Data extract Start Marker

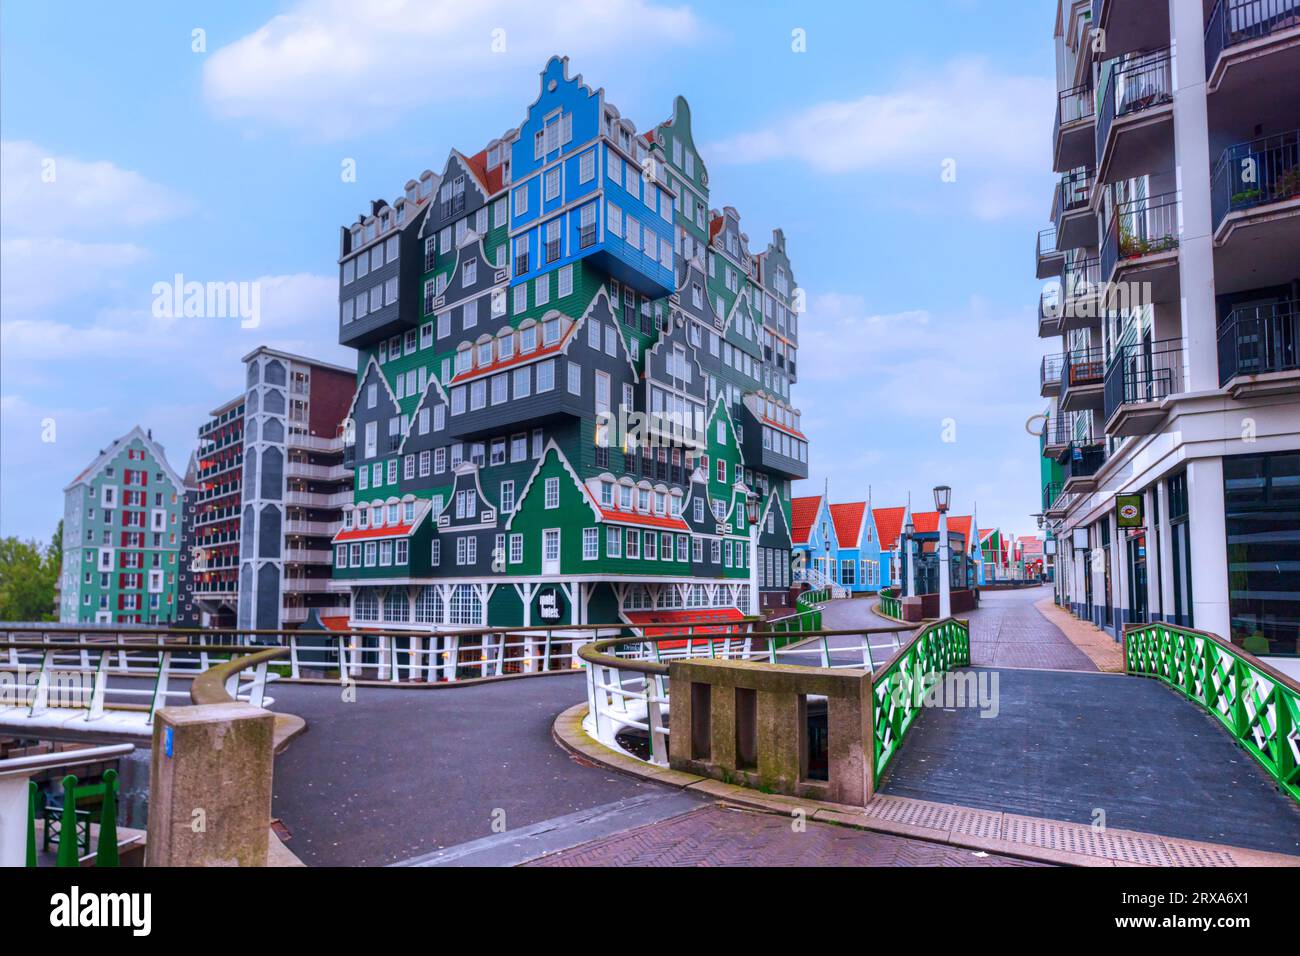 Célèbre développement Inverdan avec hôtel, hôtel de ville et théâtre à Zaandam, Hollande du Nord, pays-Bas Banque D'Images
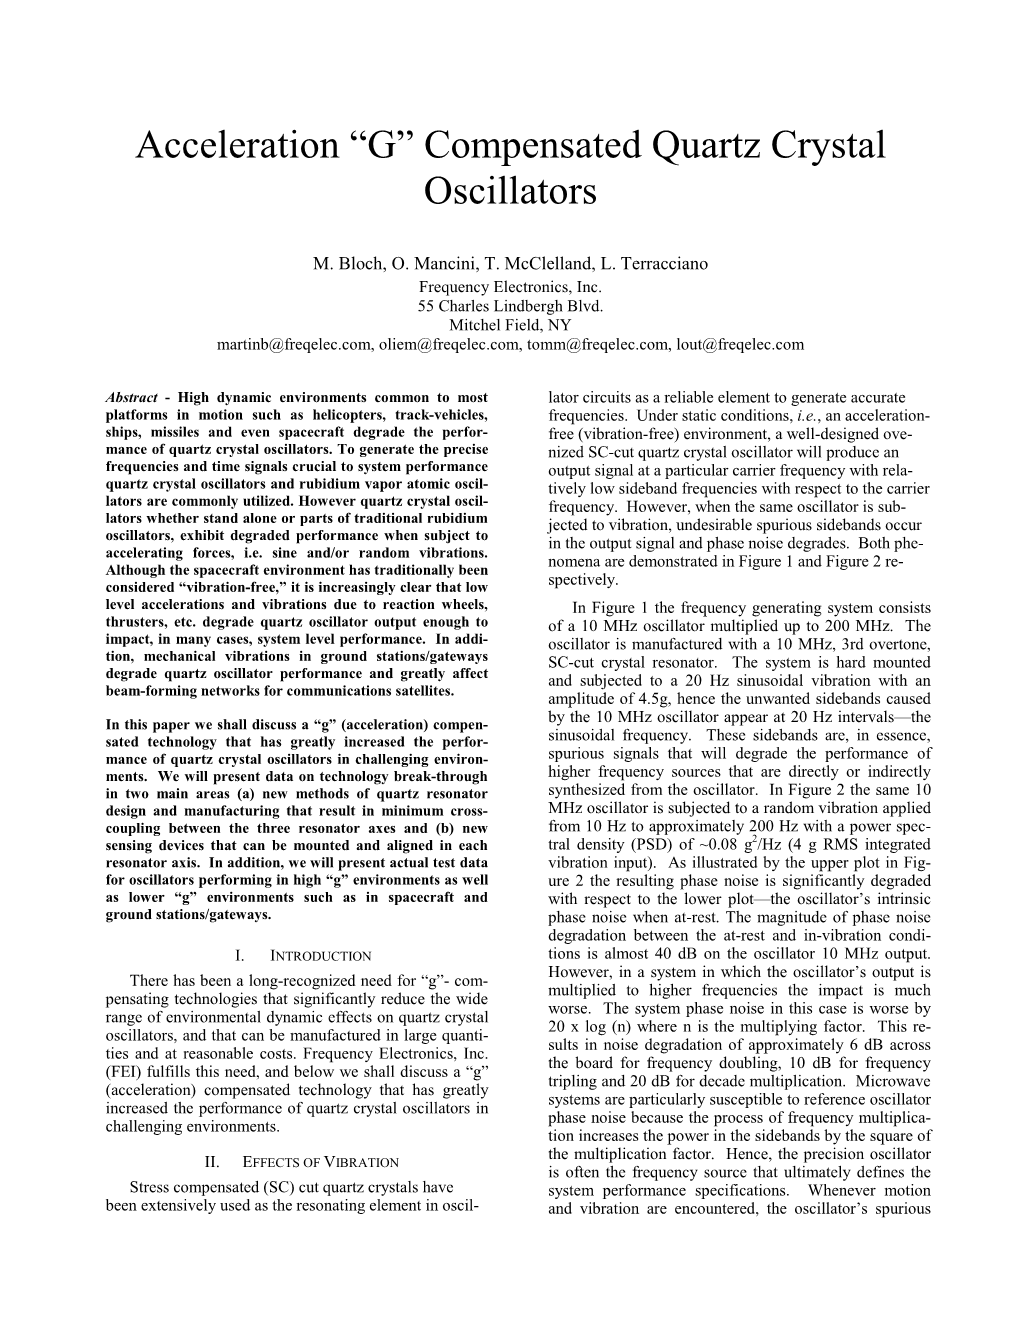 Acceleration “G” Compensated Quartz Crystal Oscillators
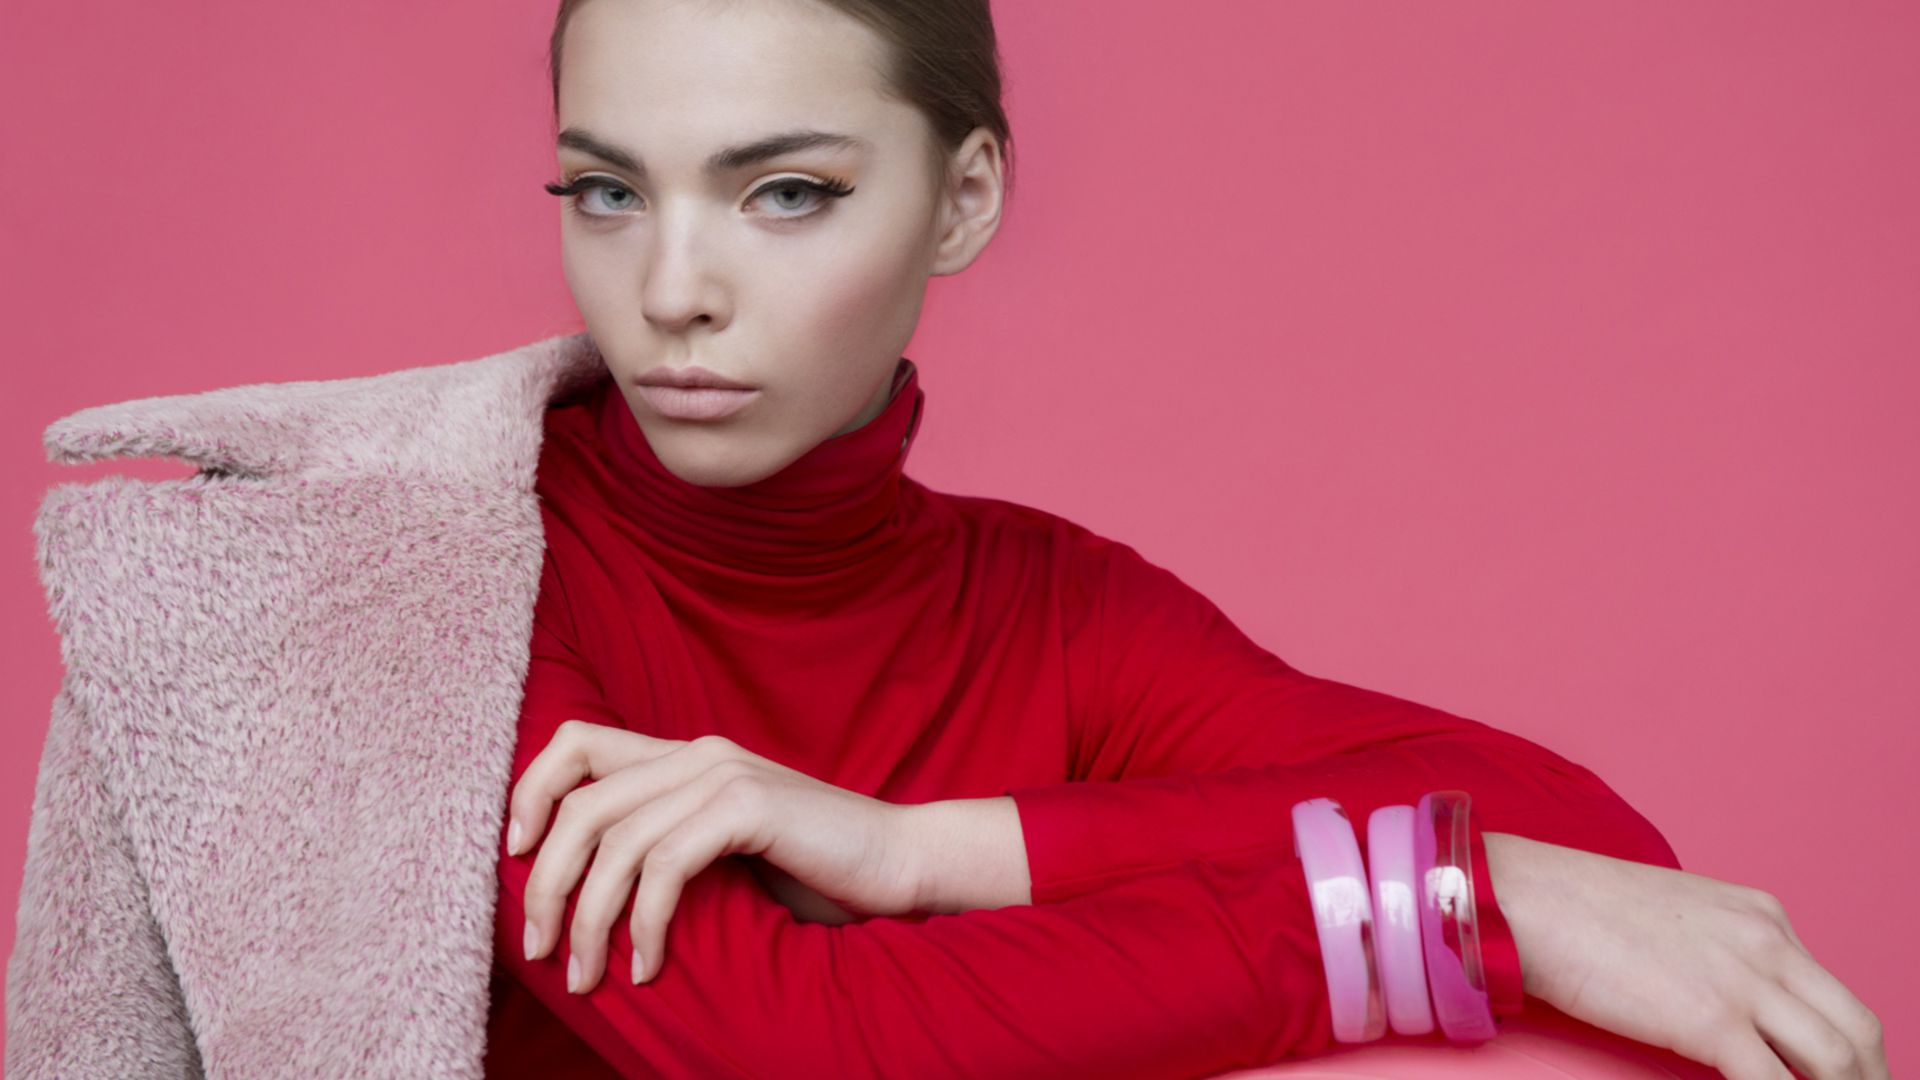 Кася Бельска, Топ модель, розовый, Kasia Bielska, Top Fashion Models, model, pink (horizontal)

Data extract End Marker

Assignment
Every line of the data above is to be set down word for word, with the pictures left out.

Answer section
 Célèbre développement Inverdan avec hôtel, hôtel de ville et théâtre à Zaandam, Hollande du Nord, pays-Bas Banque D'Images
 Acceleration “G” Compensated Quartz Crystal Oscillators
 Кася Бельска, Топ модель, розовый, Kasia Bielska, Top Fashion Models, model, pink (horizontal)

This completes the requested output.